### [Provided data]
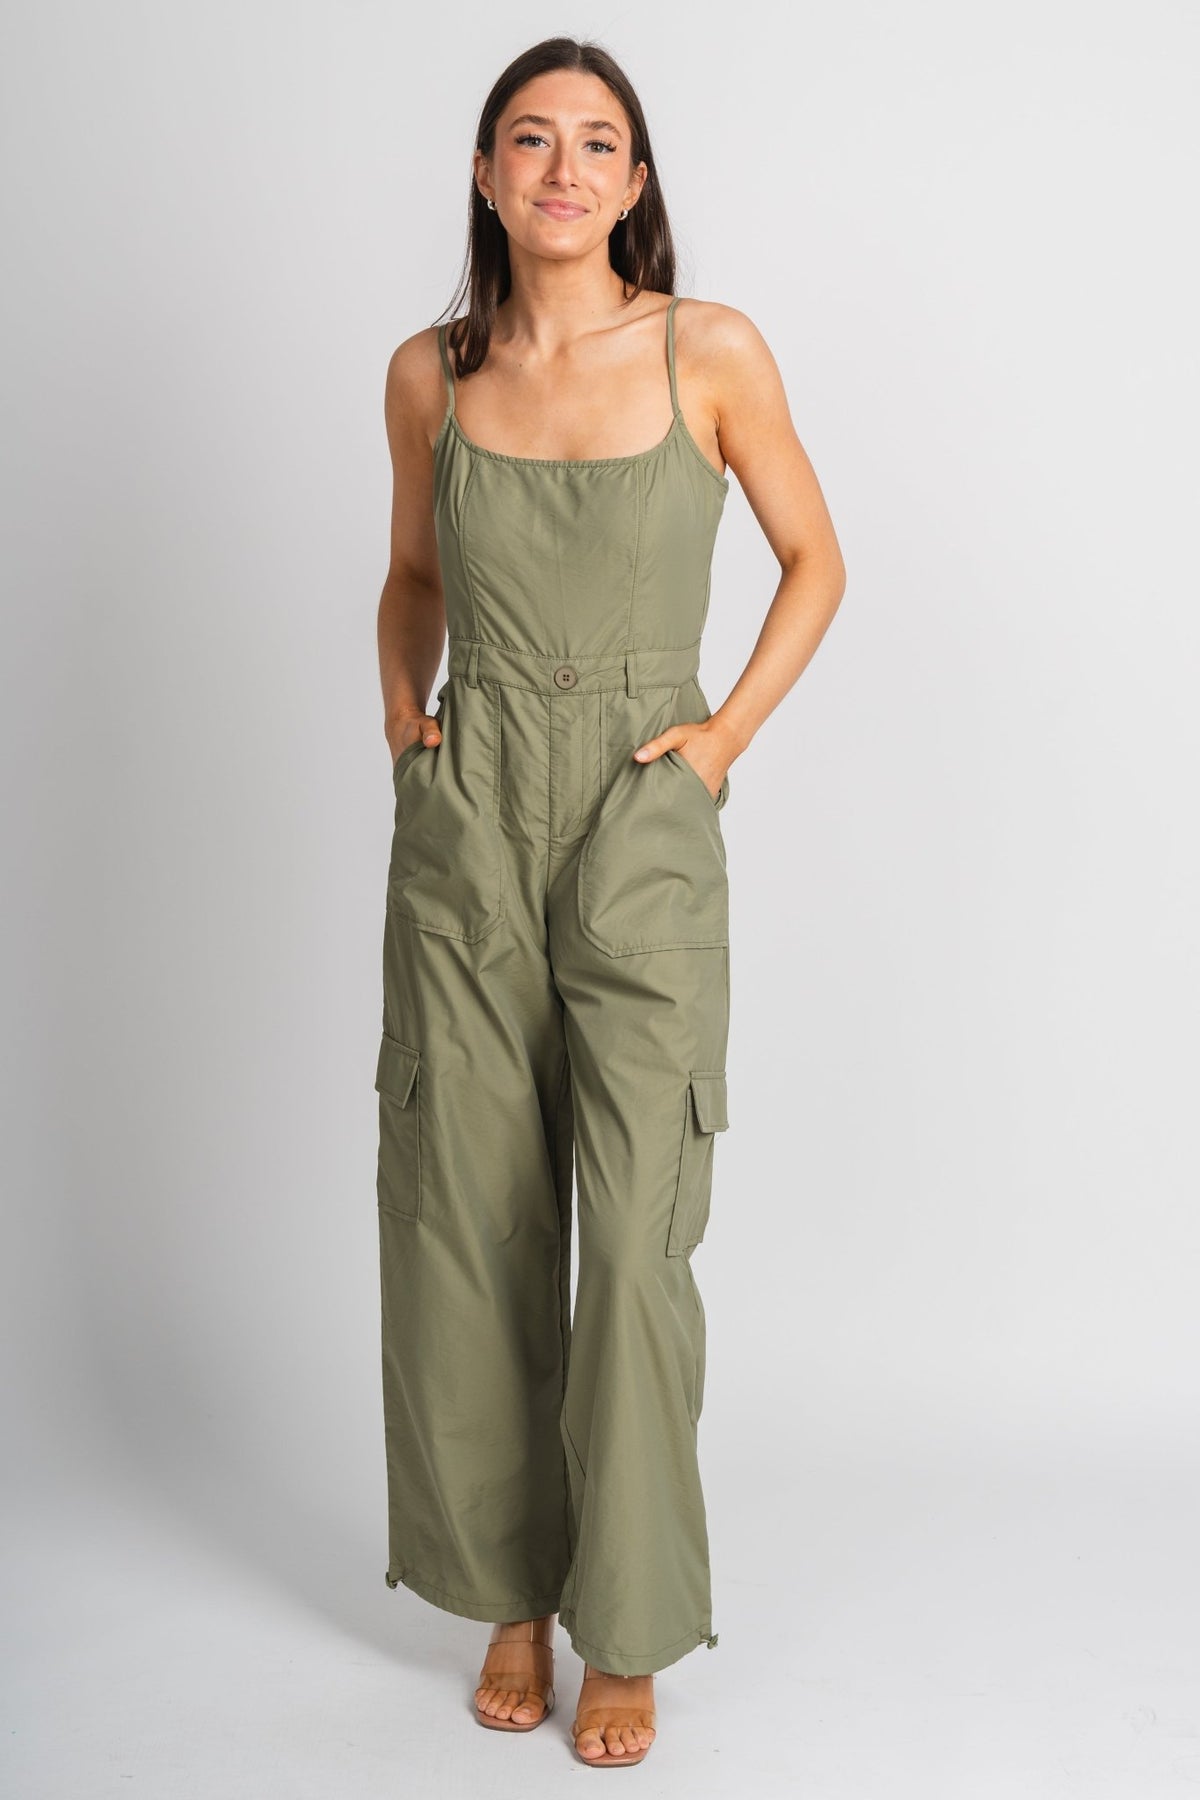  Lucky Brand Women's Tie Front Utility Jumpsuit, Four
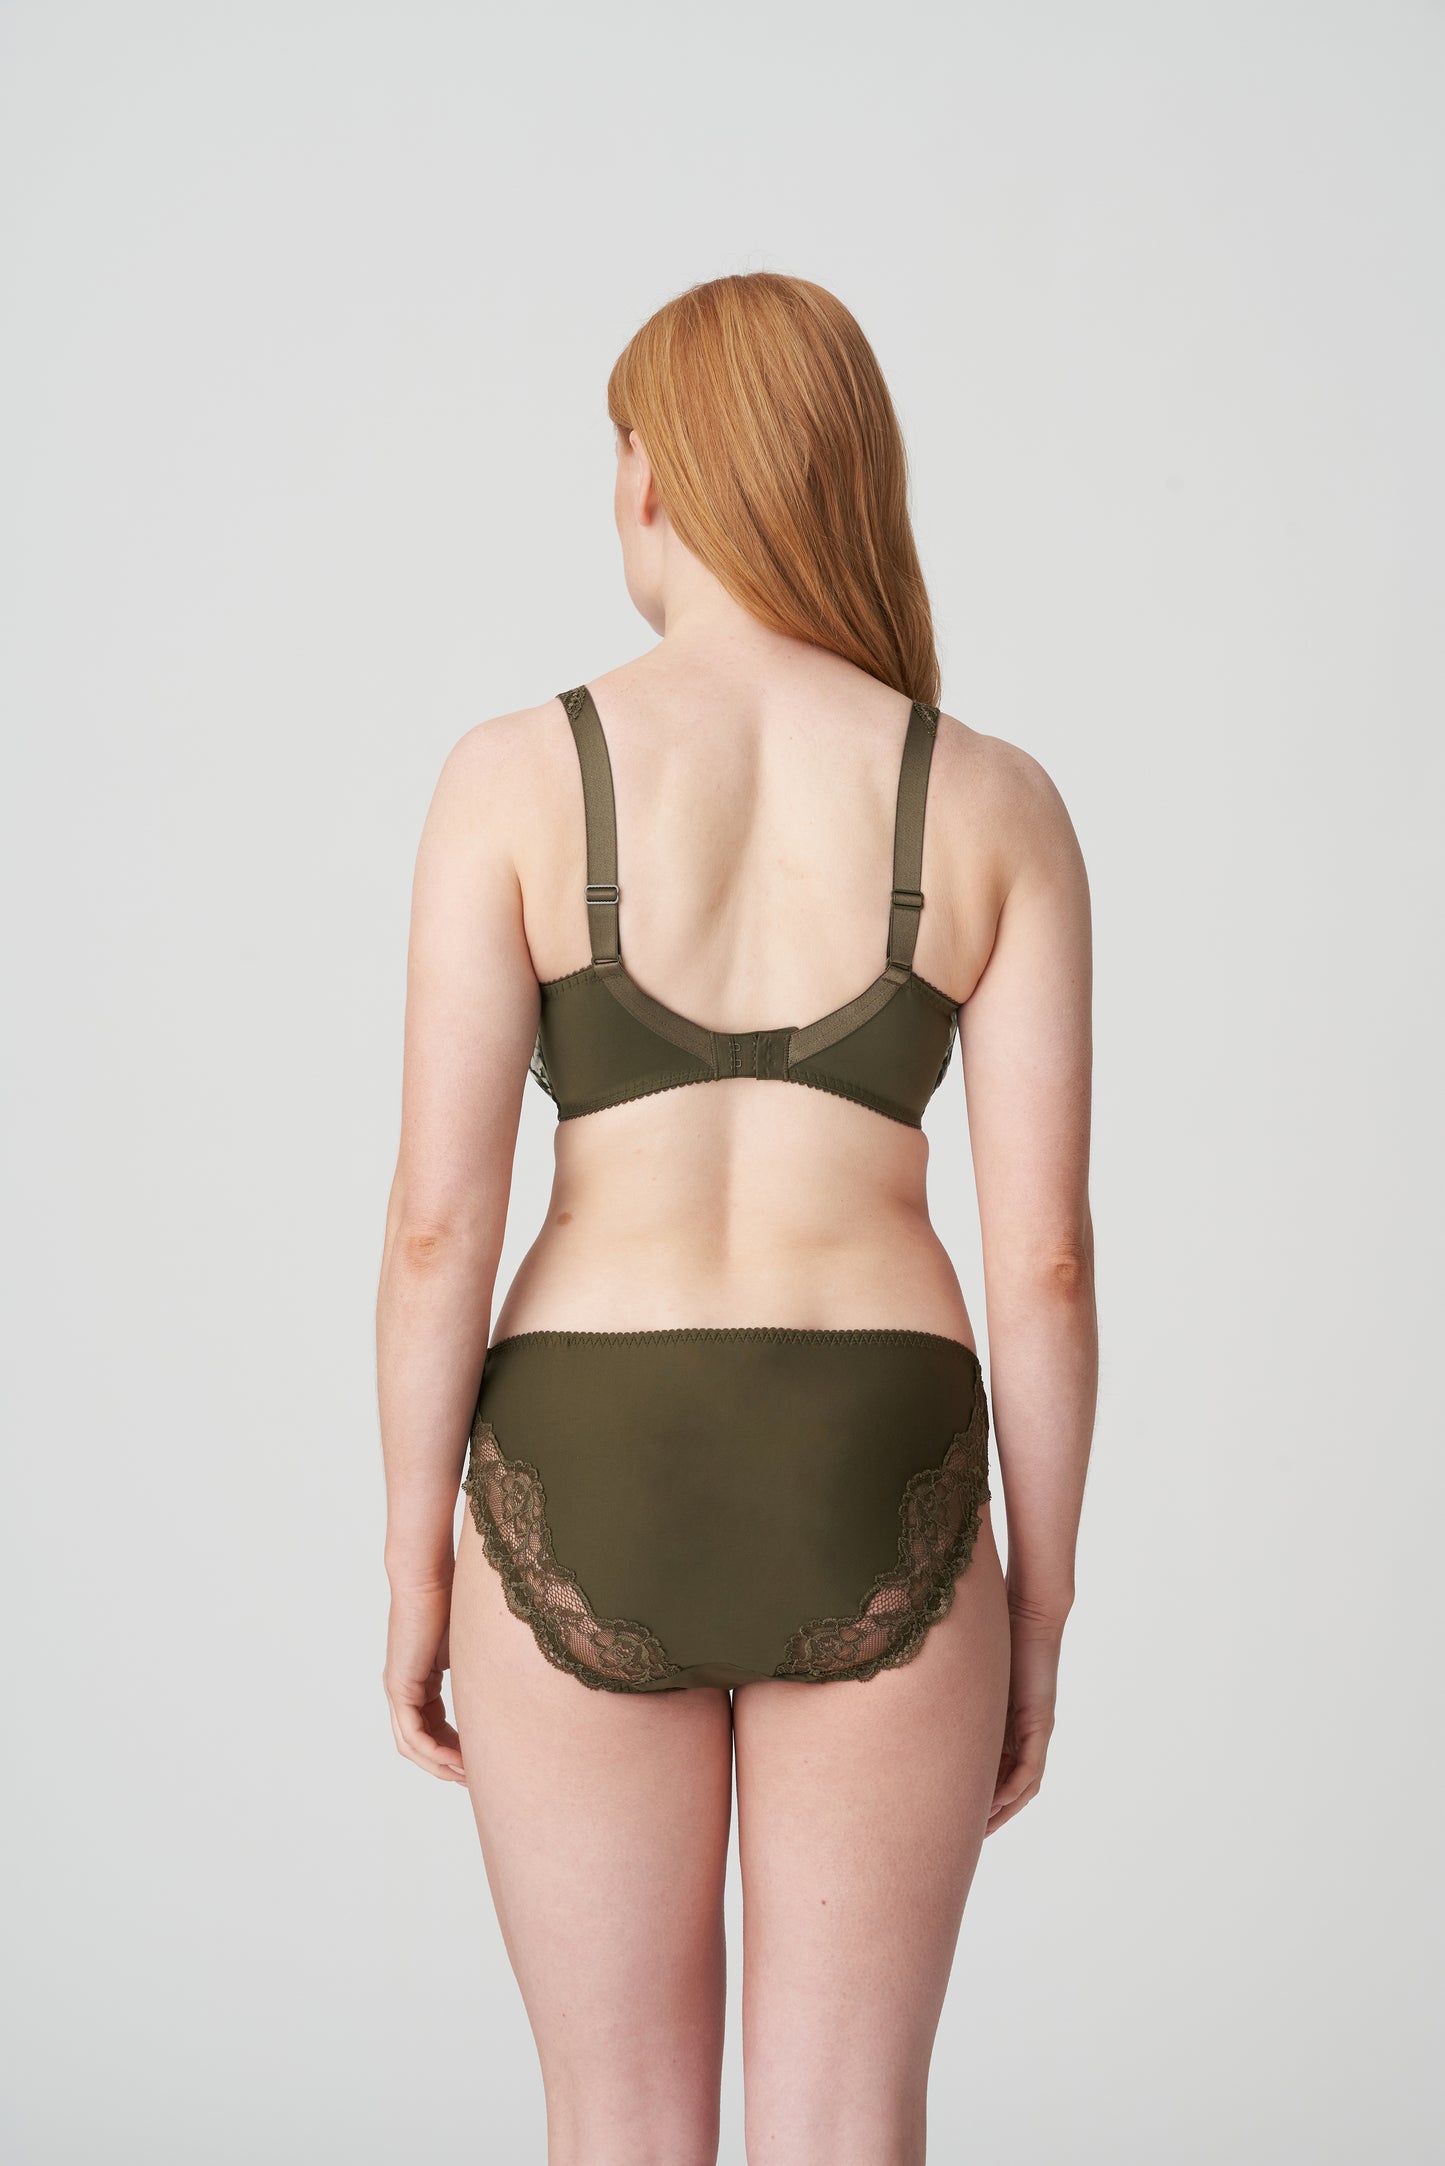 PrimaDonna Madison volle cup bh olive green
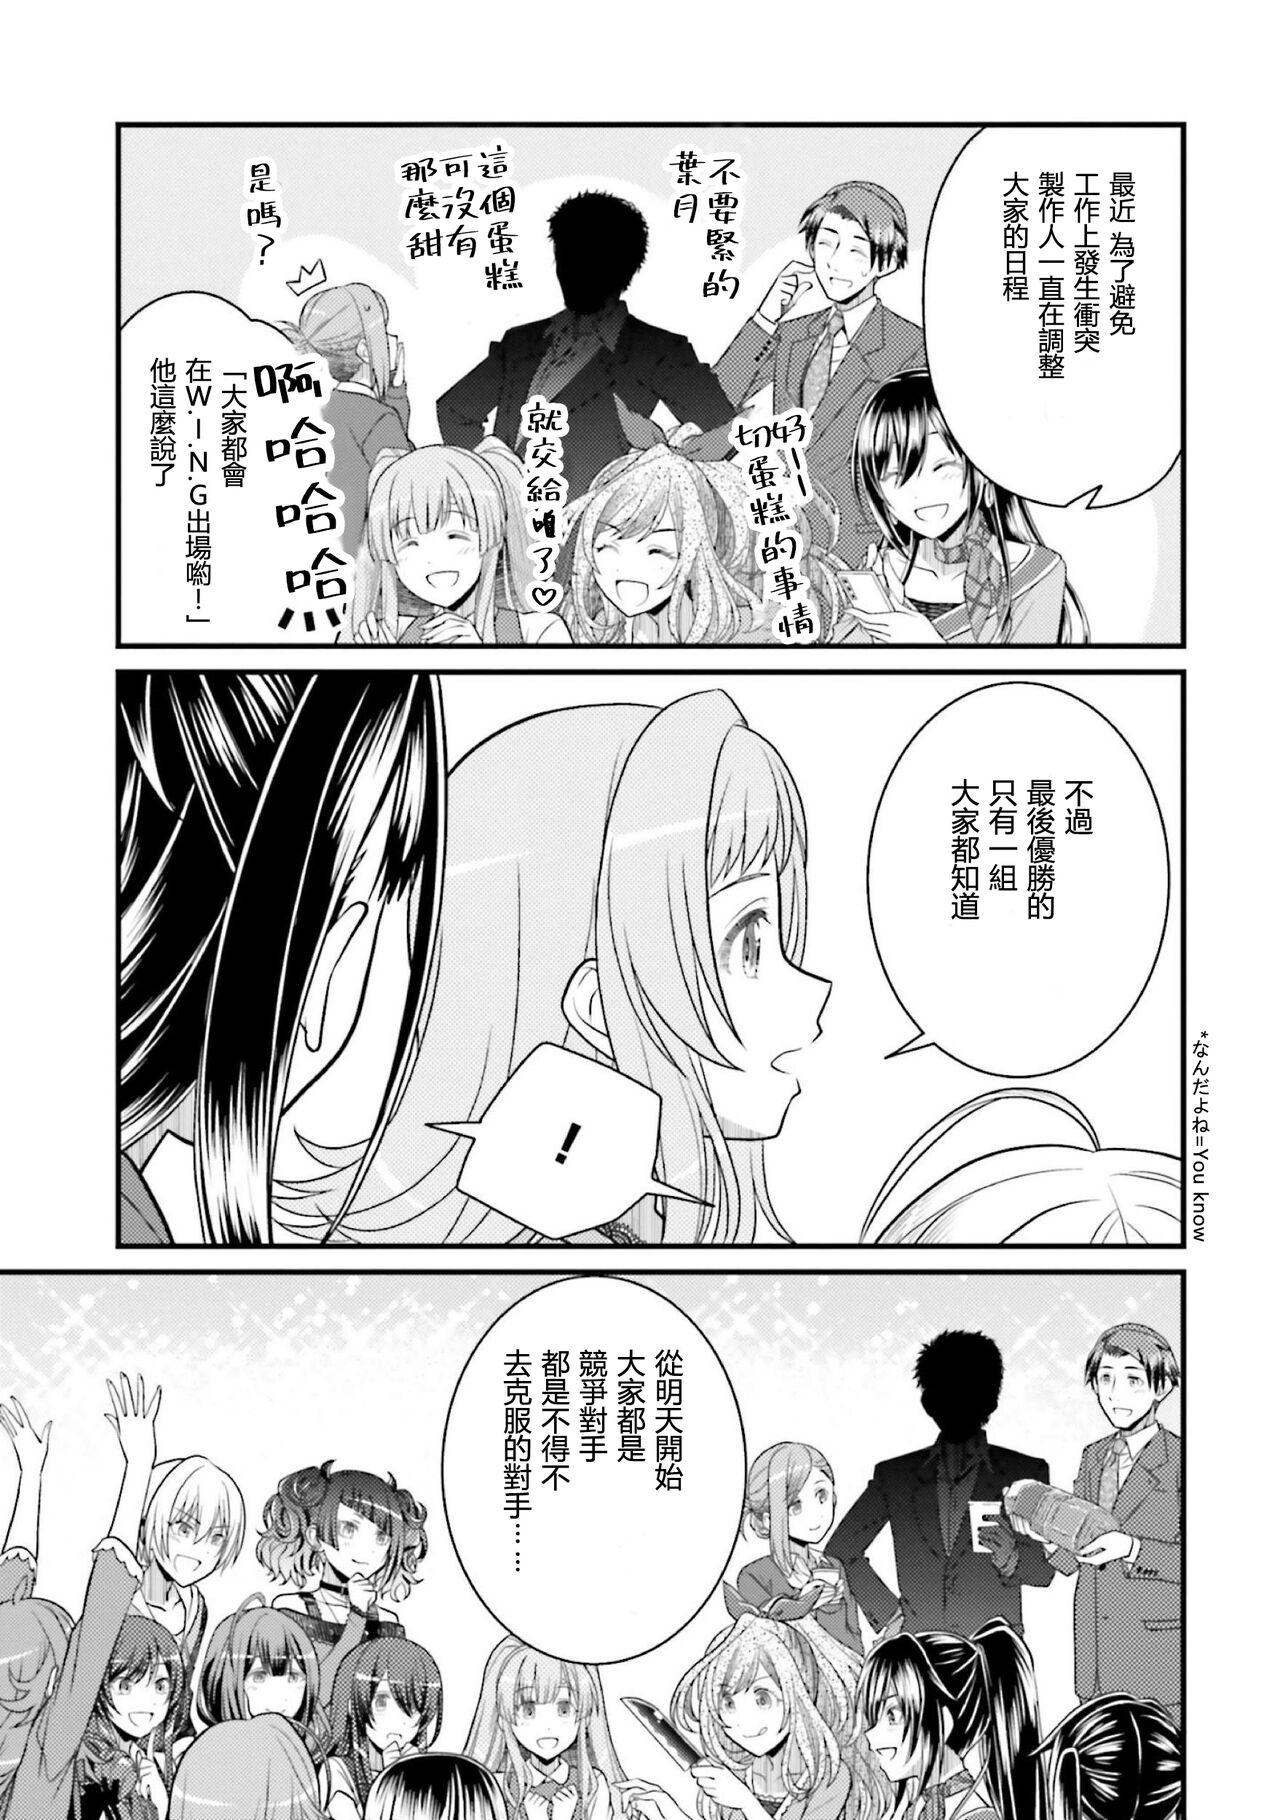 THE IDOLM@STER SHINYCOLORS 17話 4

### [What the exercise asks]
Since the pictures are not wanted, repeat only the rest of the material, exactly as given.

### [Solution to the problem]
  Lucky Brand Women's Tie Front Utility Jumpsuit, Four
 PrimaDonna Madison volle cup bh olive green
 THE IDOLM@STER SHINYCOLORS 17話 4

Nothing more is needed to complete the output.